# Roll off truck



## Nac (Apr 16, 2006)

Well here it is my new Volvo VHD Roll off.


----------



## Dozer Junky (Jan 4, 2007)

SWEET!:thumbup:


----------



## joesauers (Jan 2, 2007)

Very nice, what motor / trans combo?


----------



## Nac (Apr 16, 2006)

465 HP/ 8LL trans


----------



## jmic (Dec 10, 2005)

Nice Nac! Good Luck!:thumbup:


----------



## Nac (Apr 16, 2006)

Thanks guys


----------



## denick (Feb 13, 2006)

Nac,

What about running a shuttle with that when we have our get together at the NJ Casino! tgeb will contact you and set it up.


----------



## Nac (Apr 16, 2006)

No problem


----------



## denick (Feb 13, 2006)

Hey where have you been Nac? I was getting worried you fell into a hole again?

Did you do that job up toward CT.


----------



## Nac (Apr 16, 2006)

Have been busy doing concrete and masonry on a few new houses and run the single axle truck doing demo and carting. No have not done anything with that CT job The home owner sent me some pics he wants o remove some ledge behind his house for a patio but there is no access for any machinery and there are colums holding up the 2nd floor overhang sitting on the rock he wants to remove. It will be a vary labor entsive job but I have the feeling from talking to him it seems he does not want to spend that much money. So I have not really persued it.


----------



## tgeb (Feb 9, 2006)

denick said:


> Nac,
> 
> What about running a shuttle with that when we have our get together at the NJ Casino! tgeb will contact you and set it up.


Yep, that can is big enough for a few chaise lounge chairs and I'll bring along a rocking chair for you Nick. or maybe one of these..:wheelchair: 


Real nice truck Nac!:thumbsup:


----------



## rino1494 (Jan 31, 2006)

Can't forget to install the stripper pole.


----------



## MC Excavating (Jan 26, 2006)

Why did you decide you needed a rolloff truck?

How do you intend to use your truck / bins?

For your jobsites only?

For other contractors / home owners?

For transporting compact equipment?

How many and what size bins did you get?


----------



## jmic (Dec 10, 2005)

tgeb said:


> Yep, that can is big enough for a few chaise lounge chairs and I'll bring along a rocking chair for you Nick. or maybe one of these..:wheelchair:
> 
> 
> Real nice truck Nac!:thumbsup:


:laughing: :laughing: :laughing:


----------



## jmic (Dec 10, 2005)

rino1494 said:


> Can't forget to install the stripper pole.


:blink: :blink: Huh?



I got it! :laughing: :laughing: :thumbup:


----------



## Speedy Petey (Sep 30, 2003)

Nac said:


> Well here it is my new Volvo VHD Roll off.

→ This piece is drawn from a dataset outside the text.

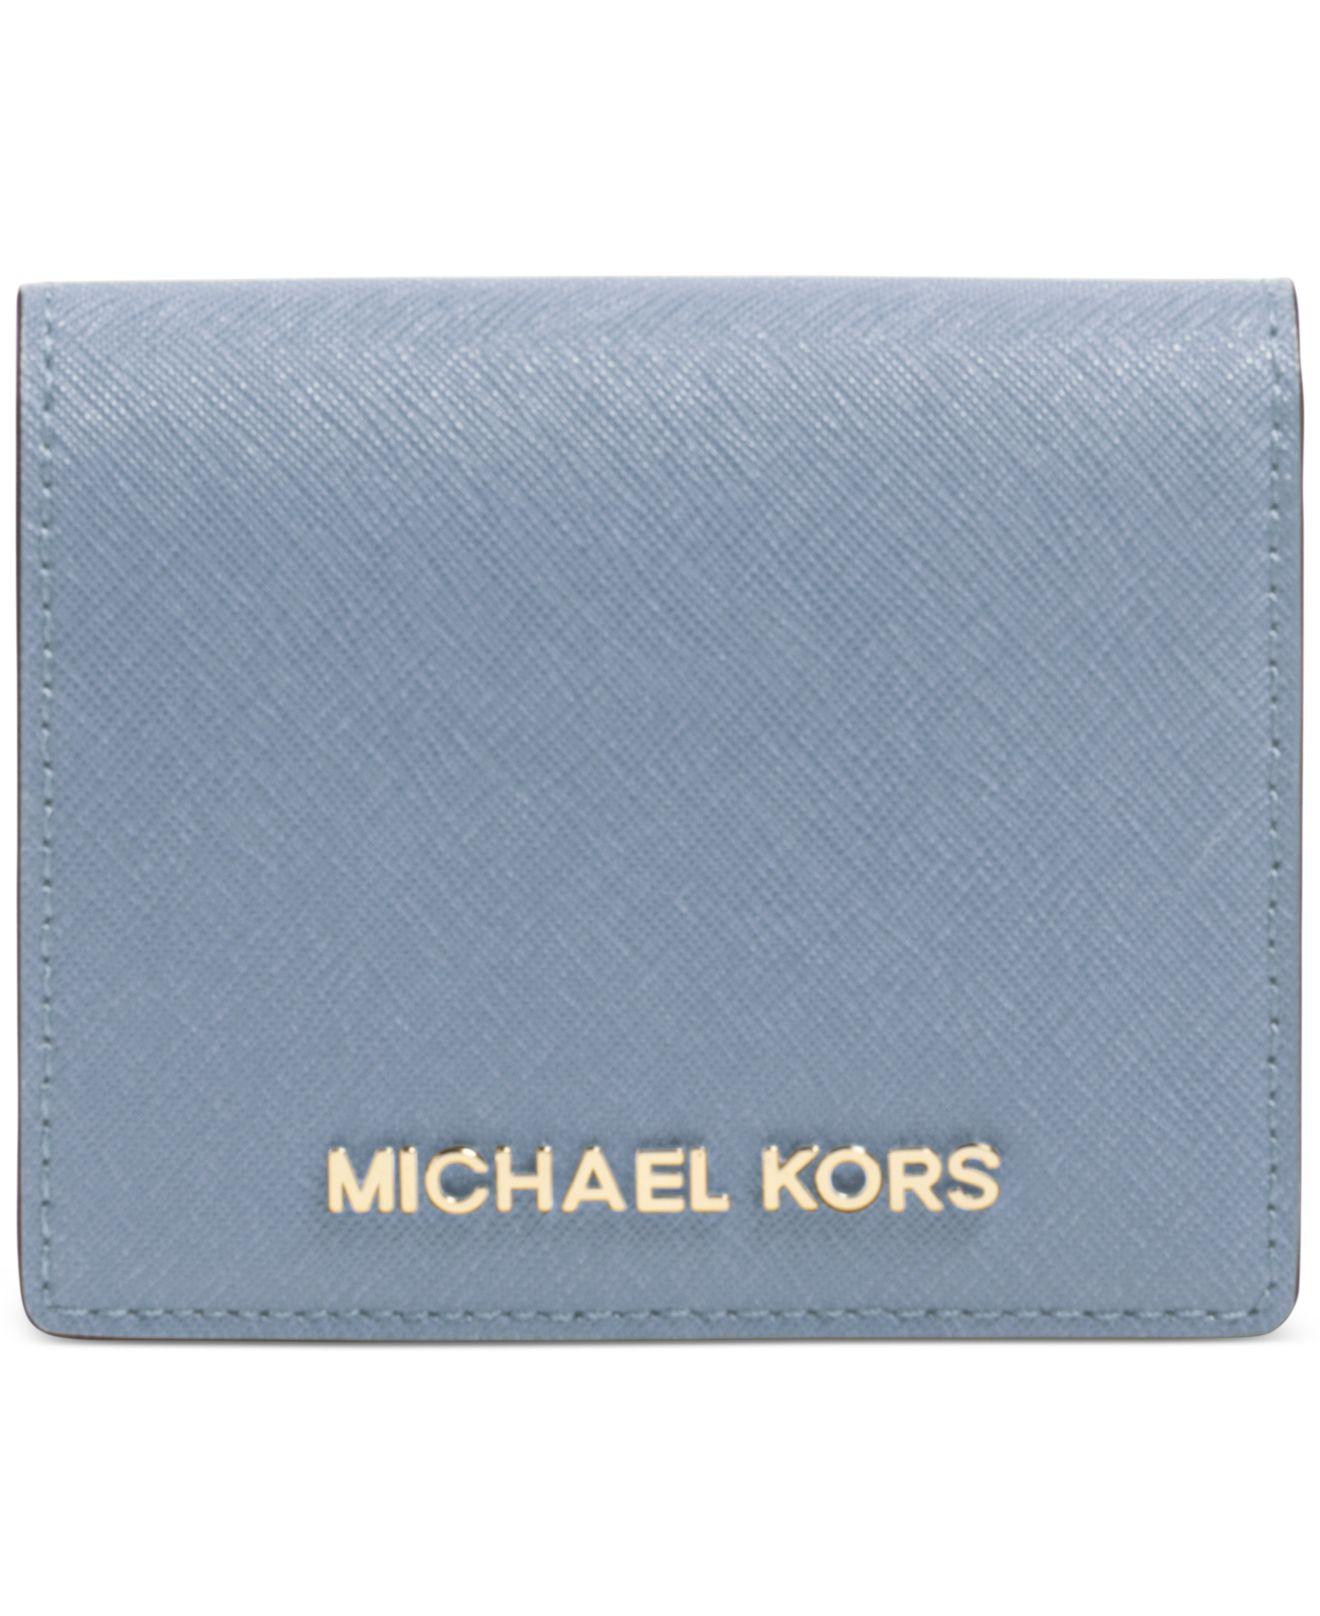 6c0fe12fd345 Lyst - Michael Kors Michael Jet Set Travel Flap Card Holder in Blue

And the folks in the "carting business" have no problem that you got your own truck? :shifty: :whistling


----------



## Nac (Apr 16, 2006)

MC Excavating said:


> Why did you decide you needed a rolloff truck?
> 
> How do you intend to use your truck / bins?
> 
> ...


I already had a single axle hooklift truck and people kept on asking me to bring them containers so I got the lisence to haul solid waste. The problem was with my hooklift the biggist box i could haul was a 20 cy and most contractors wanted 30 cy.

It will be for my jobs and others

Any body who needs it

Yes will be moving some equipment with it

I have 5 30 cy
I have 3 20 cy
I have 3 18 cy
I have 2 10 cy
will add more 20 and 30 in the neer future


----------



## rino1494 (Jan 31, 2006)

I guess that you are making money by doing it. Nice truck btw.

I know that there is a big need for roll off containers, but there is no way we could find the time. Plus, I don't think that we would want to even get involved with it. Glad to see that you are doing well.


----------



## ruskent (Jun 20, 2005)

rino1494 said:


> I guess that you are making money by doing it. Nice truck btw.
> 
> I know that there is a big need for roll off containers, but there is no way we could find the time. Plus, I don't think that we would want to even get involved with it. Glad to see that you are doing well.


Can't find the time?? That means you hire more people!!!


----------



## ELW1 (Jan 11, 2007)

there is a company near to where i live called Easy Haul Containers. they have a website but contractor talk wont let me post a link to it becuase i haven't made 15 post yet. i dont know. anyways they seem to do well (i know the family who owns the company) but i have been told that you have to keep the trucks running to and from jobs in order to make the best of the expensive trucks. what do you charge a load up there? do you have time limits on the containers?


----------



## ELW1 (Jan 11, 2007)

ruskent said:


> Can't find the time?? That means you hire more people!!!


don't we all wish it were just that simple


----------



## Wolf (Mar 24, 2006)

*great looking*

great looking truck, Nac. Whatcha gonna use it for?


----------



## Nac (Apr 16, 2006)

For my carting buisness and my own use.


----------



## Wolf (Mar 24, 2006)

Nac:

sweet. do you cart any demolition debris? Find anything good in the containers when you do hauling from the demolition sites, like any good old doors, lighting fixtures, stuff like that?


----------